Backfired

An NBA history podcast that celebrates bad teams, bad luck, and bad decisions.

Connect

Creating a soccer-style table for the NBA


As someone who only watches basketball and the English Premier League, I love getting to combine the two in some way. Even though I'm not the biggest Boston Celtics fan in the world, seeing my favorite footballer, Bukayo Saka, taking in a Celtics game was one of the bright spots in my malaise after Arsenal's late-season loss to Tottenham Hotspur ended their hopes at an improbable top-4 finish.

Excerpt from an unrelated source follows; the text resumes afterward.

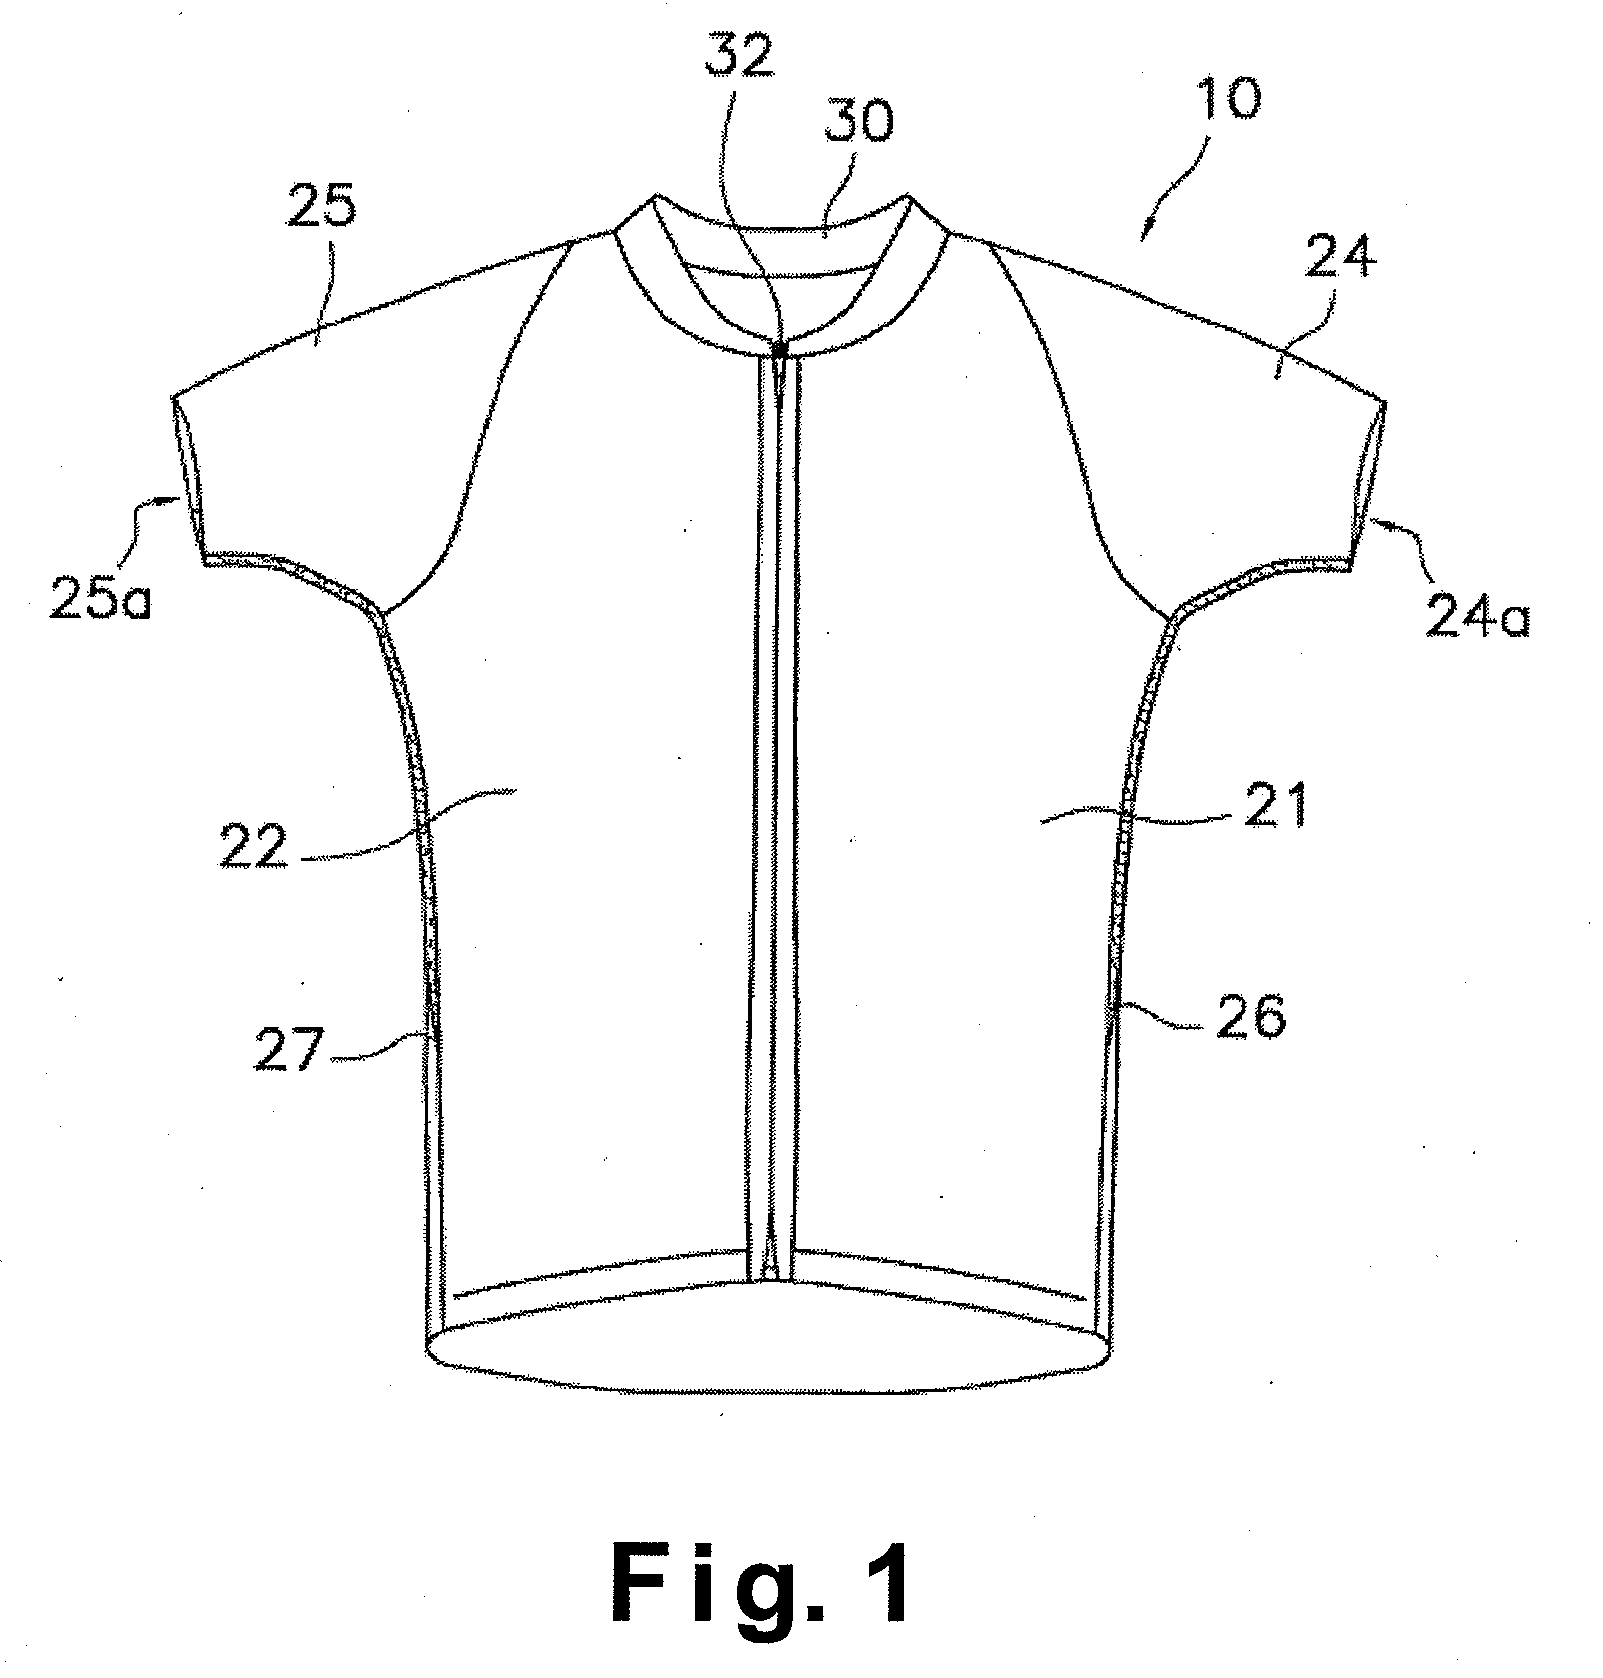 Cycling garment

So when I had the idea to convert the NBA standings into a soccer-style table, I thought it would be a great little project. I'm going to break down the necessary parts of the short R script that I wrote to accomplish this. It involves scraping data from Basketball Reference.

So first off, I wanted to make this script portable. This script will work on any recent NBA season, but if you want to adapt this for an NBA season that happened before the Hornets became the Pelicans and the Bobcats became the Hornets, you'll just have to change what team abbreviations go into the "teams" vector.

Here I will load the necessary packages:

library(dplyr)
library(stringr)
library(rvest)


This is a vector that holds all 30 teams' abbreviations on Basketball Reference:

teams <- c('BOS','TOR','PHI','NYK','BRK',
                    'ATL','CHO','WAS','MIA','ORL',
                    'MIL','CHI','IND','DET','CLE',
                    'MEM','DAL','HOU','SAS','NOP',
                    'LAL','LAC','SAC','GSW','PHO',
                    'MIN','UTA','DEN','OKC','POR')


Now we set the year and initialize the "schedule" data frame. I'm going to do this for the current season, 2022-23. The end result table will be accurate through the games on Friday, December 16th, 2022.

year=2023

schedule <- data.frame()


Now I'll pull all 30 teams' schedules using this for-loop:

for(i in 1:length(teams)){

   url <- paste0('https://www.basketball-reference.com/teams/',teams[i],'/',year,'_games.html')
   
   webpage <- read_html(url)
   
   tbls_ls <- webpage %>%
   html_nodes("table") %>%
   html_table(fill = TRUE)
     
#only pulling a few columns from the first table in each list
    
   sched <- data.frame(tbls_ls[[1]])[c(2,6,7,9:11)]
   
   sched <- sched %>% filter(Date!="Date")
   
   names(sched) <- c("Date","Home_Away","Opponent","Overtime",
                        "Points_For","Points_Against")
                        
   sched$Team <- teams[i]
   
   schedule <- rbind(schedule,sched)
 }


Because we scraped everything from online, it's all text, so we'll convert the dates to dates and the numbers to numbers. Revolutionary.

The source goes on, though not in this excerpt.